Александр Терехов: Рассказы - Александр Терехов 3 стр.


Но общий настрой-равнодушие. И это оправдано. Не надо требовать зоркости и непримиримости милиционеров, кропотливости тимуровцев, щедрости работников собеса, презрения к иждивенцам граждан. Нищих не надо спасать. Это люди, которые нашли выход из положения, и этот выход для них оптимален: и нравственно, и экономически.

Но для нас он убийственный.

Нас не может умилять факт нашего милосердия — вот мы их содержим: крошки со стола — это не милосердие. Милосердие — делиться необходимым себе. Расставание с медяком — это такое же милосердие, как марка ОСВОДа-спасение утопающих. Когда человек садится на обочину с кепкой, первым мимо себя проходит он сам. Но мы содержим его. А люди, которых в тысячи раз больше и которые, обществом воспитанные, протянуть руку не могут, — они остаются вне поля зрения.

Благополучие нищих не повод для радости. Бодрый румянец не всегда говорит о здоровье. Иногда — о чахотке.

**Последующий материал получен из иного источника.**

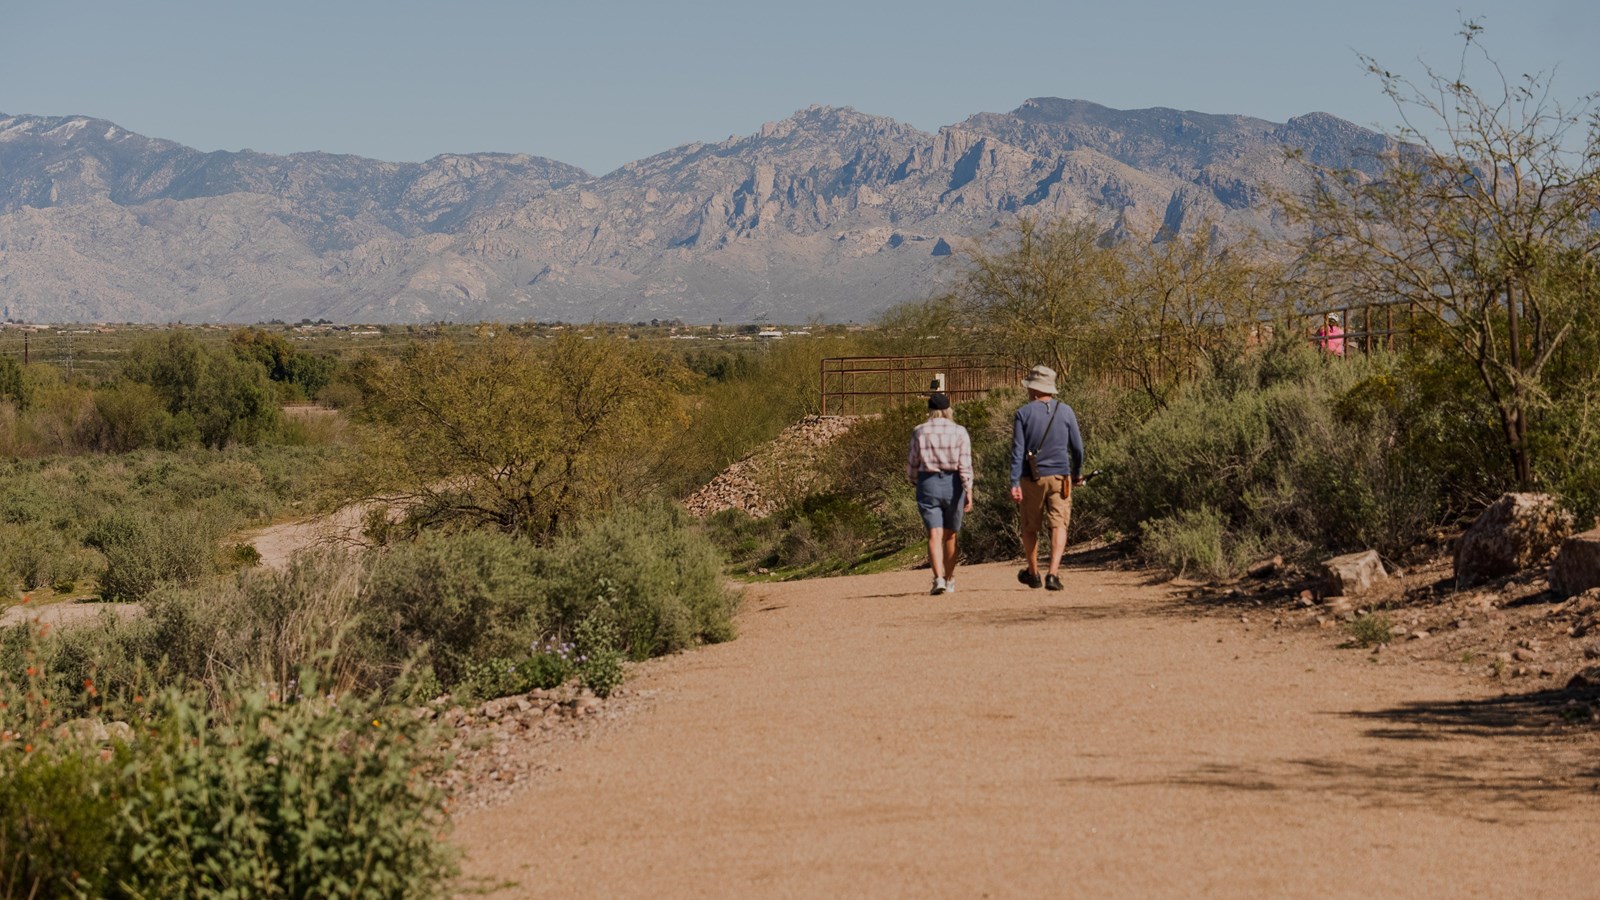 Two hikers walk down a wide dirt trail through cacti with mountains ahead

Прежде чем восхититься золотой коронкой, вздохнем о больном зубе. Я хитрил, когда писал посмотрим на нищих. Посмотрим на себя. Ремонт обнажает не только стены, но и души.

Равнодушие захлестывает общество. Наше счастье стало жестоким. Дефицит гуманизма в истории аукнулся пристальным взглядом только вперед. Мы правы, мы добились, мы разгромили, мы идем, мы не смотрим под ноги, но пройти мешает именно то, что осталось под ногами. Мы слепо уверовали в окончательную справедливость общественного устройства. Когда эта вера испарилась, остался только осадок: смирение перед предначертанностыо: делай или не делай, все пойдет, как шло.

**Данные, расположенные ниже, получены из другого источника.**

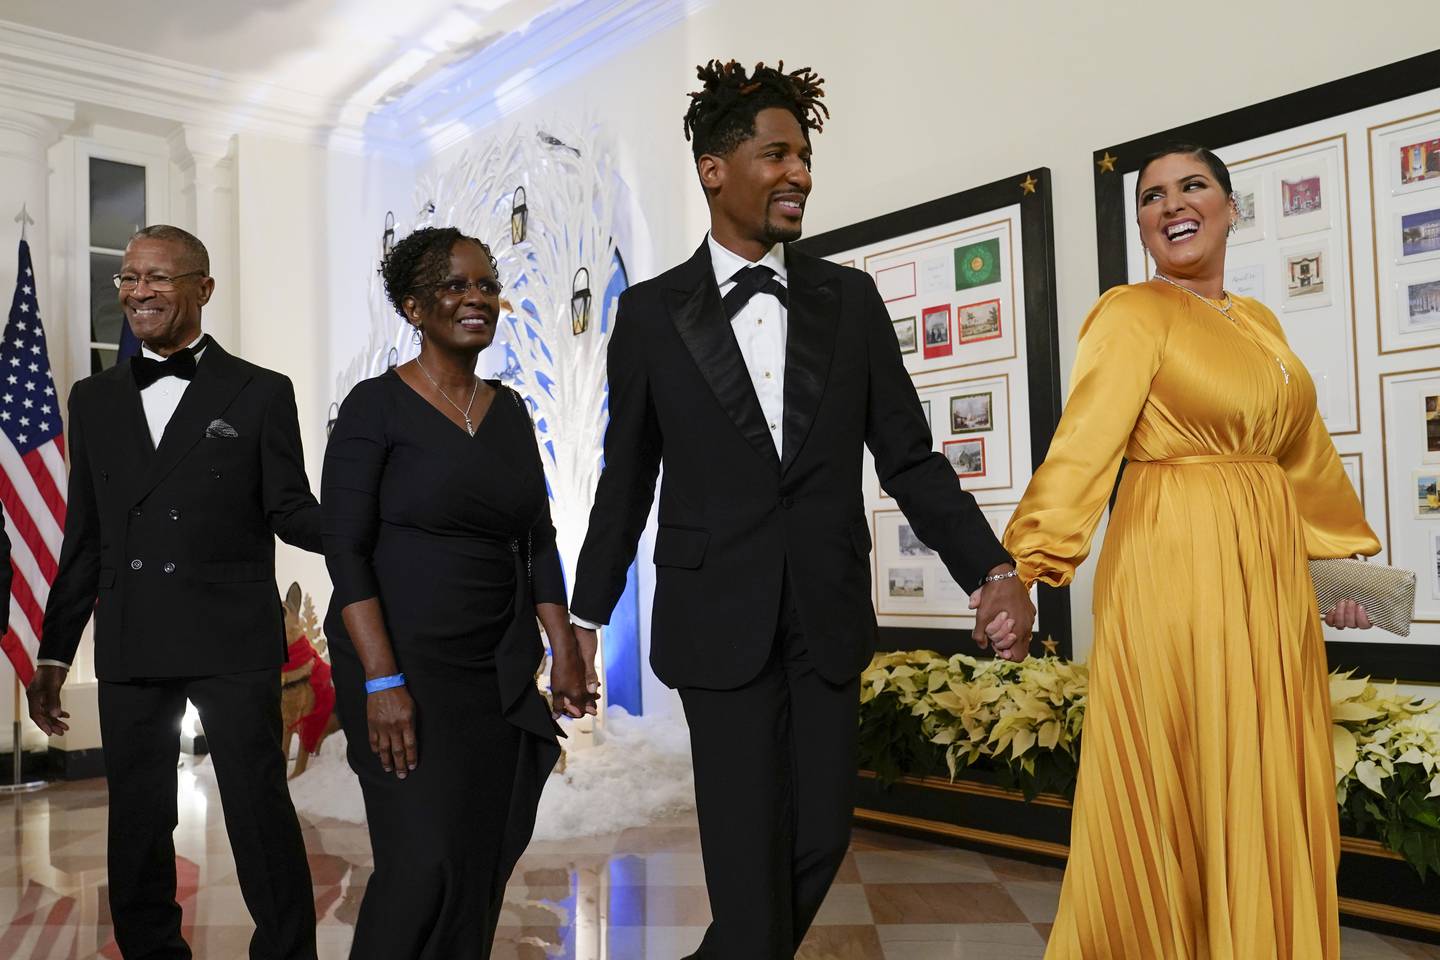 Musician Jon Batiste arrives with his wife Suleika Jaouad and family members. AP Photo

Предначертанность размыла нравственность. Выбор способа существования стал личным делом и лишился оценки. Кто-то ворует, кто-то работает, кто-то торгует досками, кто-то — телом, кто-то дает взятки, кто-то их берет, кто-то перестраивается, кто-то учится. Каждый занимается своим делом. Счастье жестоко. Если быть добрым и вмешиваться в чужое дело-счастья не будет.

Предначертанность сделала нас обществом нищих: возникла плата не за труд, а за приход на работу, аттестаты и дипломы вручаются не за знания, а за посещаемость, комсомольские и партийные билеты-для достижения неведомых процентных соотношений — все подается.

Теперь все ждут: чего же подаст перестройка.

Забывая простую истину: если ждешь, когда же придет жизнь, — приходит смерть.

И теперь, когда за четыре года нам открылось богатейшее «дно», удивляет даже не это. Удивляет общественная оцепенелость. Нет милосердия как общественной категории. Прямо хоть закупай где поточную линию за валюту. Для производства милосердия. Под которым я понимаю не поправление подушки под головой или заботу о здоровье проституток, а коллективное участие в человеческой судьбе, нравственную уравниловку Когда все — от члена Политбюро до безногого старика, собирающего бутылки на Казанском вокзале, — будут иметь равную возможность принять всеобщее участие, равный доступ к благам.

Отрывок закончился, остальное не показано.